Voicings by Brenda Clews

Besides reading it at a poetry event last week, I videoed 3 rehearsals, and memorized it for this videopoem of Voicings, a prose poem that I wrote some years ago and revised recently. This poem also made it to the top of SoundClick's Poetry charts in 2007.

Is there anything wrong with the lowly poetry reading? Attending poetry readings is one of my favourite activities. Perhaps that enjoyment carries across. With my own videopoetry, when I perform a piece, it garners more views than my videos of imagery with a voiceover. I cannot do it - show myself - without a sense of humour, though.

However, for once I didn't obscure the realism of the camera and instead allow myself to be seen. The reading is virtually untouched footage straight from the camera.

My fascination with multiplicity, multiples remains, though. Nodes, modules, events, thoughts, memories, everything is intersecting, widely missing the connection, intwined, separated, in the flow together or opposing each other. Vectors pulse everywhere in an ongoing processes of embodiment, momentary materializations.

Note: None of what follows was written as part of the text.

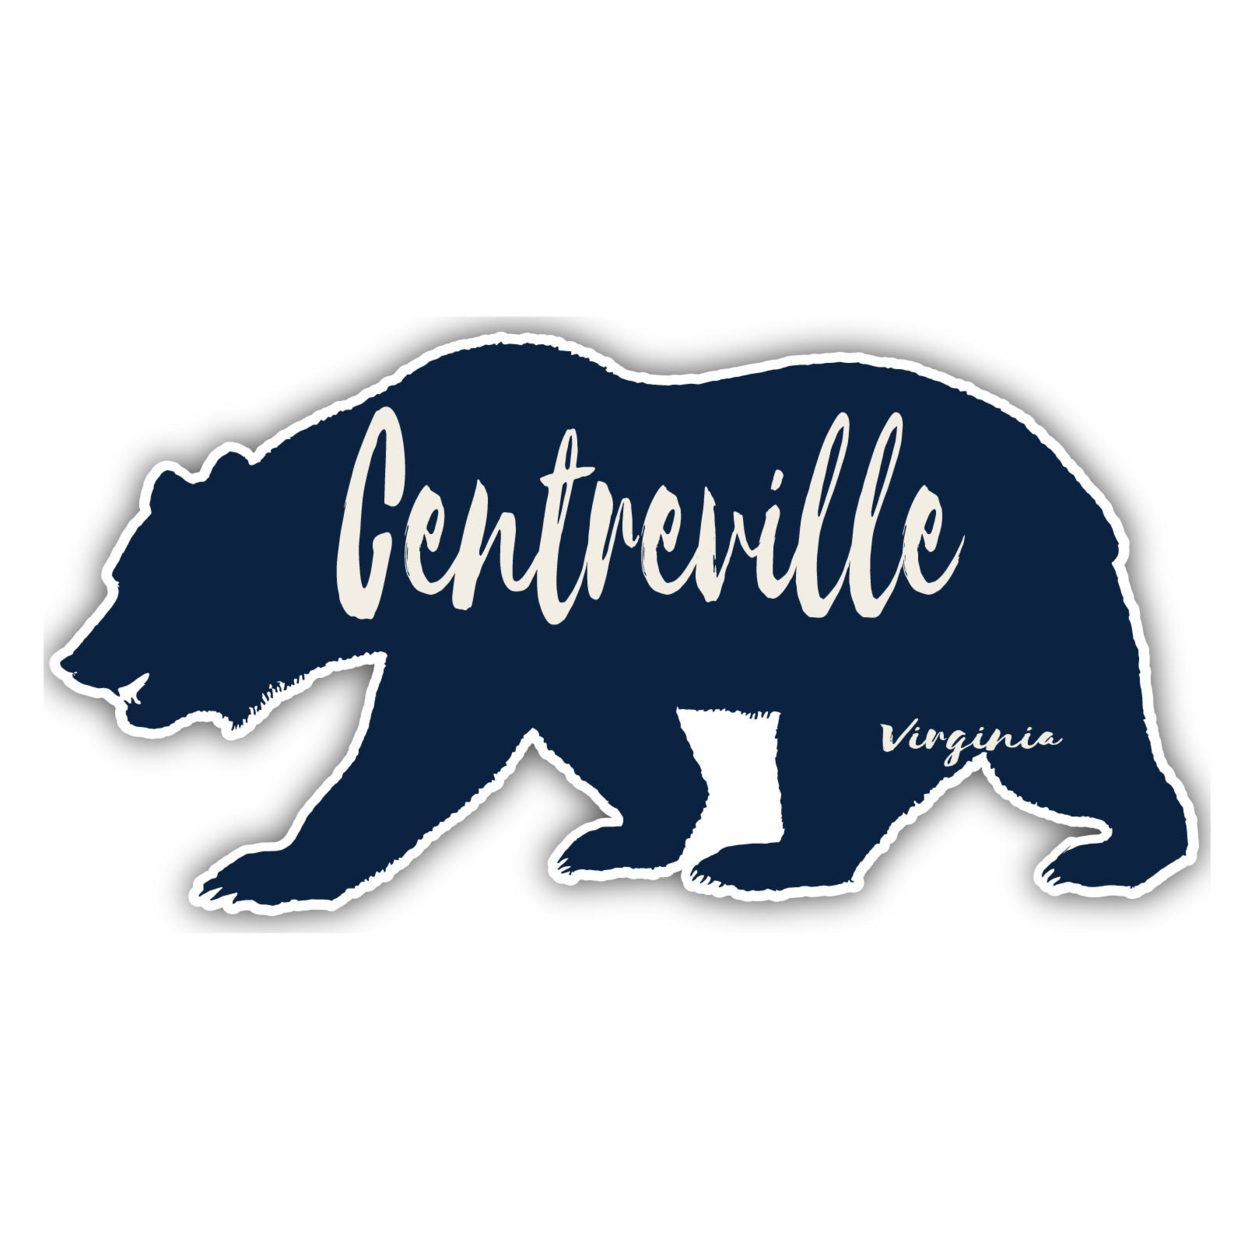 Centreville Virginia Souvenir Decorative Stickers (Choose Theme And Size) - 4-Pack, 12-Inch, Bear

We are layered, enfolded. I am composed of at least two, and usually more. My dopplegängers often show up in my videos; sometimes they get carried away and dance the words of the world. Ventriloquist, yes, but the main figure speaks and she, the double, explains. Like captions. Or perhaps she is the emotion within the words. The spirit fighting to get out. Anyway, she takes over at the end, dancing, and some of the colours and shapes remind me of ancient Sumerian myth, and Polynesian spirit charms.

She is Semiotic, rhizome, an off shoot of the woman speaking of words in a worded world.

That is a solid silver Sari wedding belt that I am wearing as a necklace. I only wear it on special occasions.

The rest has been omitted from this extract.